10

A special-series Cayman with the presence, rawness, drama and pace to mix with the very best

What the Porsche Cayman GT4 RS offers here, in a vaguely abstract sense, is one of the all-time great performance engines applied in a completely new way, ready to leave you dumbstruck and awe-inspired all over again.

The 4.0-litre flat six has all of the dizzying strengths that prior experience of a Porsche 911 GT3 would lead you to expect: big power, supreme response and transformative range and freedom of operation. But here it hits new heights for noise and sensory rawness. You might not expect to read this of a near-500bhp Porsche Cayman, but there may not be another sports car in the world that better bears witness to the relative insignificance of outright power and torque compared with the impact of such a dramatic style of delivery.

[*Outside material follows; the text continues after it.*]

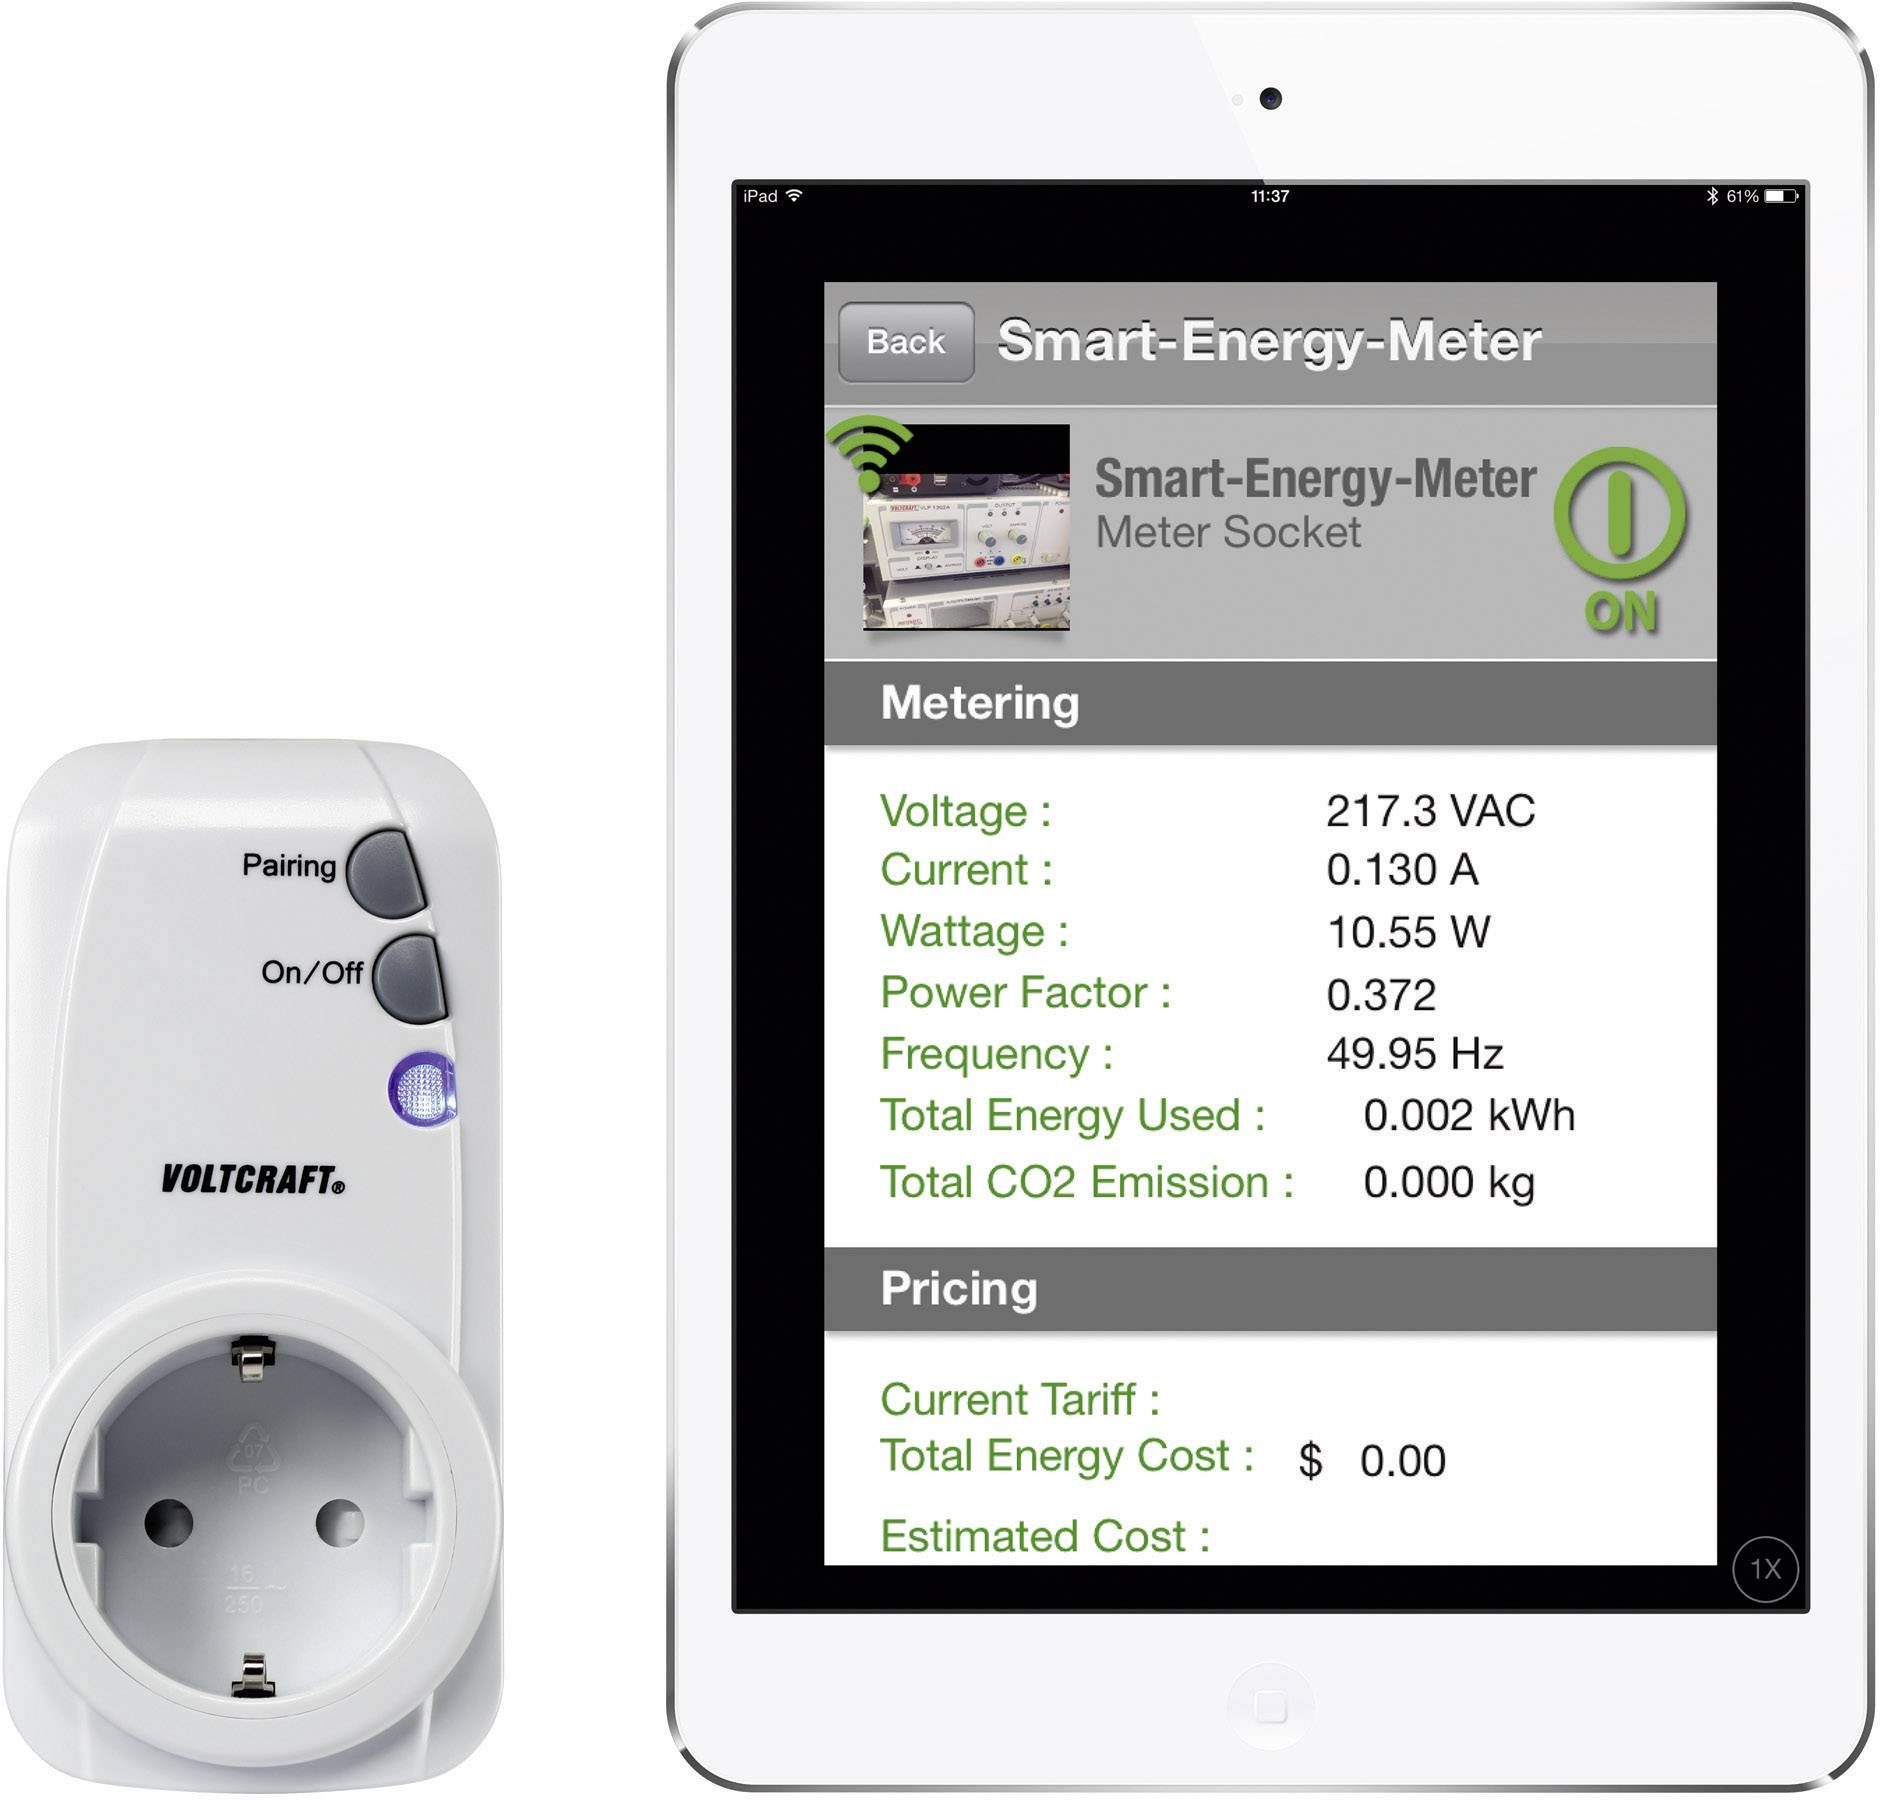 Merač spotreby el.energie so spínacou zásuvkou pre Android a iOS, VOLTCRAFT SEM-3600BT, nemecká schuko zásuvka

Above 7500rpm, the GT4 RS makes a noise that can’t fail to inspire expletive exclamation. If you thought this engine sounded good in the back of a 911 GT3, imagine sharing an oxygen chamber with it.

The car’s turbine exhaust howl is one that fast 911 owners are likely to recognise instantly; likewise the rhythmic chatter of rocker arms, and the percussive stab of revs and instant sneeze of mechanical activity that come with every paddle-shift gearchange. No other sports car sounds as alive with almost hypnotic mechanical commotion as a Porsche with this motorsport-derived engine.

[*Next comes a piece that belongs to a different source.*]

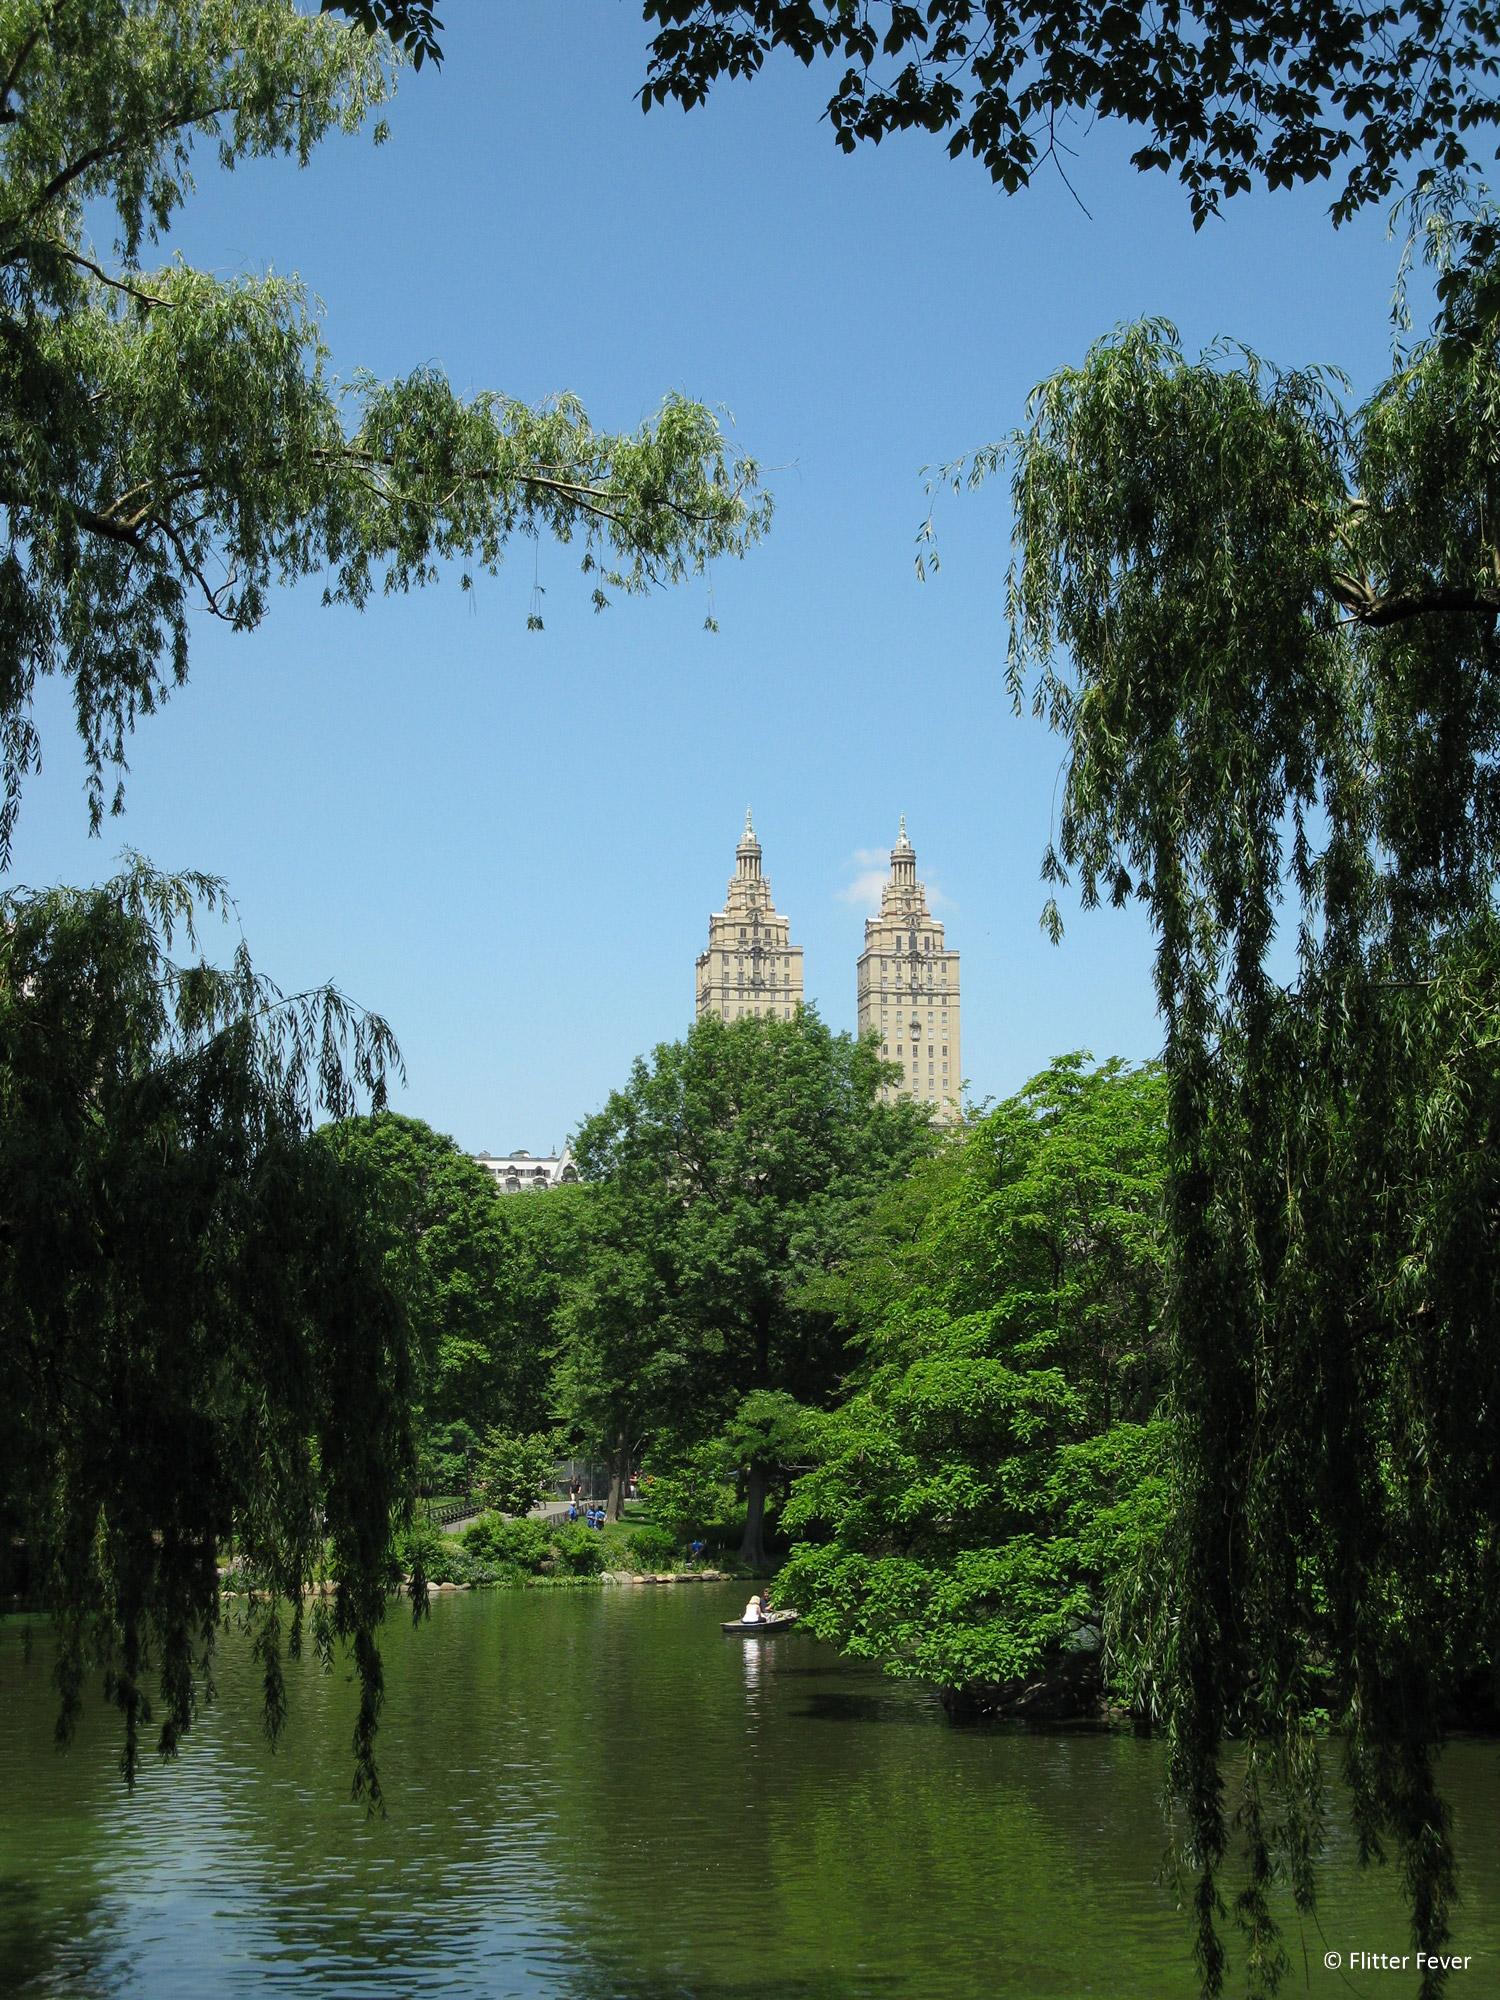 Flitter Fever - Central Park in New York

The proximity of the flat six to your ears puts all of the audible theatre at even closer range than you are used to, accentuating every beat and flare. Then there’s the new induction noise: a symphony of sucking and hissing of air, and of reverberating combustion hammer, which is unlike anything that the vast majority of owners of modern performance cars will ever have heard before.

Advertisement
Back to top

Is it fast? Every bit as much as it needs to be, both on the road and the track – although there are, of course, more rapid sports cars you could spend this kind of money on if going fast is your ultimate priority. The car’s claimed 0-62mph time of 3.4sec would need to be matched on the super-sticky Michelin Pilot Sport Cup 2 R tyres that are available as an option. On a dry and hot test day, and on Porsche’s standard Cup 2s, the car only managed a two-way average of 3.9sec to 60mph, and it needed 8.3sec to hit 100mph – at which point, thanks to that engine, it’s only just out of third gear. Even so, a full-fat 911 GT3 is less than a second quicker to that point, while a BMW M4 Competition is a tenth slower.

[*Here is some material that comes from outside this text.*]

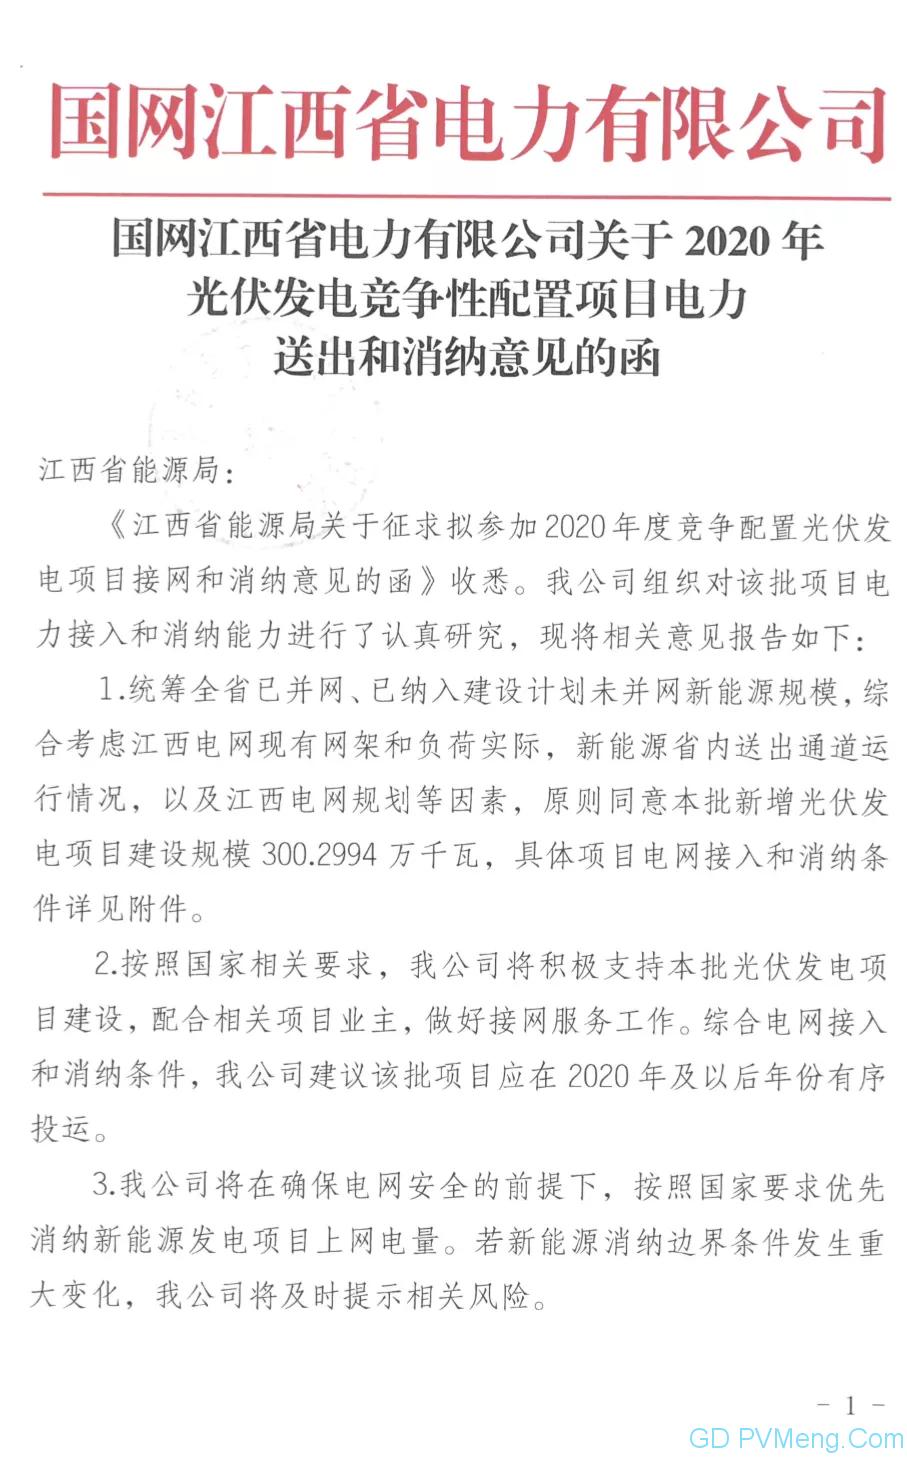 国网江西关于2020年光伏发电竞争性配置项目电力送出和消纳意见的函20200611

Our test car’s optional carbon-ceramic brakes have good bite as well as impressive outright power and great fade resistance. The crispness and speed with which you can row up and down ratios on the PDK gearbox as you play tunes on that engine, meanwhile, is incredible.

But it’s the otherworldly combination of smoothness, rev-hungry operating range, fizzing outright mechanical animation and addictive dramatic character of the GT4 RS’s whole powertrain that stays with you. It feels like an agent of performance driving from a higher plane.